Остров спокойствия Робертс Нора
– Ты забыла меня.
– О, чушь собачья. – Симона резко отвернулась. – Чушь собачья.
– Нет. Раньше ты включала меня в свою жизнь. Ты всегда была с Ми и Тиш, но вы брали меня с собой. Они были и моими друзьями. А после того, что случилось, ты обо мне забыла. Была только с Ми.
– Иисусе! Тиш умерла, а Ми несколько недель лежала в больнице.

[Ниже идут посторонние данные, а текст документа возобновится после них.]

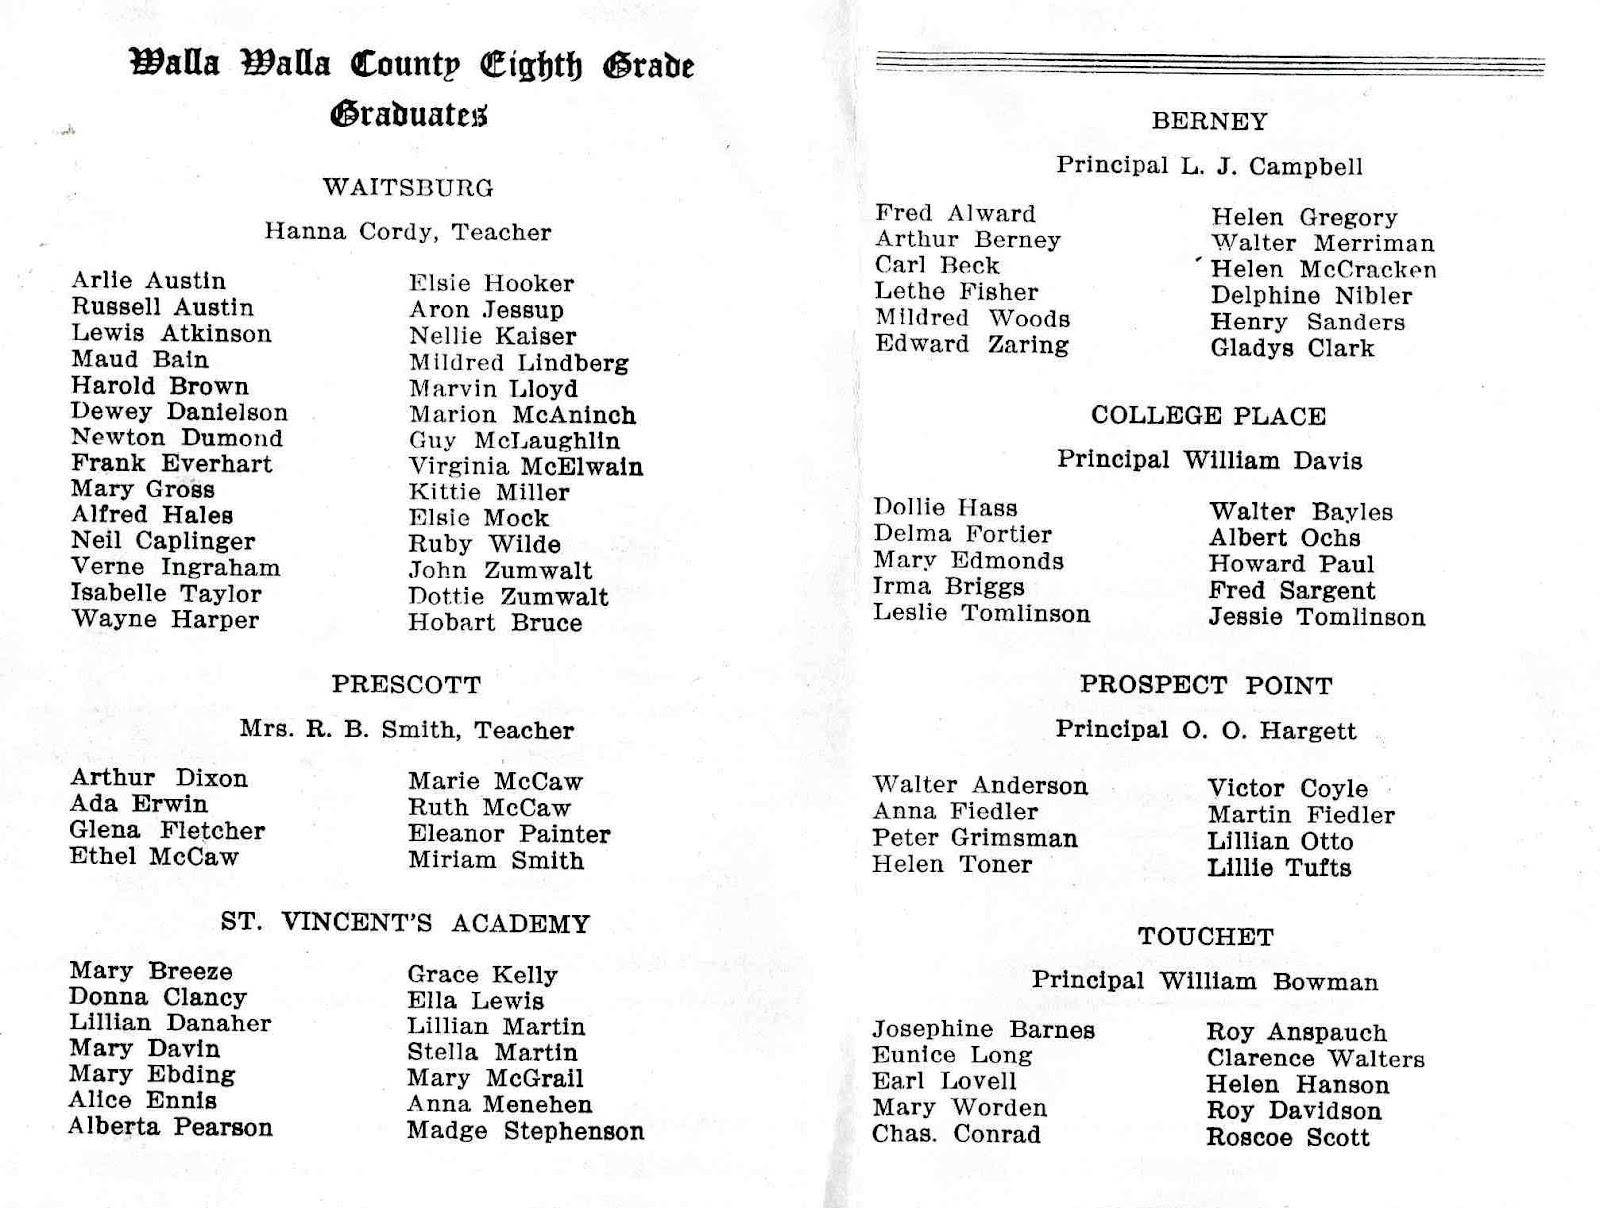 County Schools 8th Grade Graduation Program 1912

– Я знаю, знаю. Мне было четырнадцать, Сим. Ну, пожалуйста, пожалей меня хоть немного. Я думала, что она умерла. Когда я тащила маму за стойку, я думала, что она умерла. Я думала, ты погибла. Мне долго снилось, что ты погибла. Погибли все, кроме меня. Тиш была и моим другом. А Ми… мне казалось, что ты выбрала ее своей сестрой вместо меня. Знаю, это глупо и эгоистично. Вы уехали сюда, когда Ми вышла из больницы. В дом Сиси. И я все мучилась: «Почему они меня бросили?»
– Я была ей нужна…
«Я считала, что Натали не ранена», – мелькнула мысль в голове Симоны. Но, конечно, раны остались. Конечно, остались.
– Я не думала, – выдавила из себя Симона, – не думала, что оставляю тебя. Мне просто хотелось сбежать. От всего. От репортеров, полиции, разговоров, взглядов. Мне было шестнадцать, Натали. И я была сломлена.
– Потом ты всегда была только с Ми. Вы поддерживали друг друга. А я ведь тоже была сломлена.
– Прости. – Симона потерла руками лицо. – Мне очень жаль. Я этого не замечала. Может, не хотела замечать. У тебя были мама и папа, Сиси, твои друзья. Ты была увлечена школой, своими проектами.
– Это помогало мне не зацикливаться на случившемся. Помогало прогонять кошмары. Но я хотела быть с тобой, Симона. Я слишком злилась, чтобы это тебе сказать. Не злилась, – поправила она себя, – скорее, было обидно. Потом вы с Ми уехали в Нью-Йорк, в колледж. Ты начала красить волосы в странные цвета, носить одежду, которую мама терпеть не могла. Поэтому я тоже ее терпеть не могла. Я хотела, чтобы моя сестра вернулась. Только ты была не такой, какой, по моему мнению, ты должна быть. Потом ты вроде как стала такой… но мне это не понравилось. – Натали села, вздохнула и издала озадаченный смешок. – Я только сейчас поняла. Мне не нравилась Симона, которая носила деловой костюм и встречалась с этим… как его звали?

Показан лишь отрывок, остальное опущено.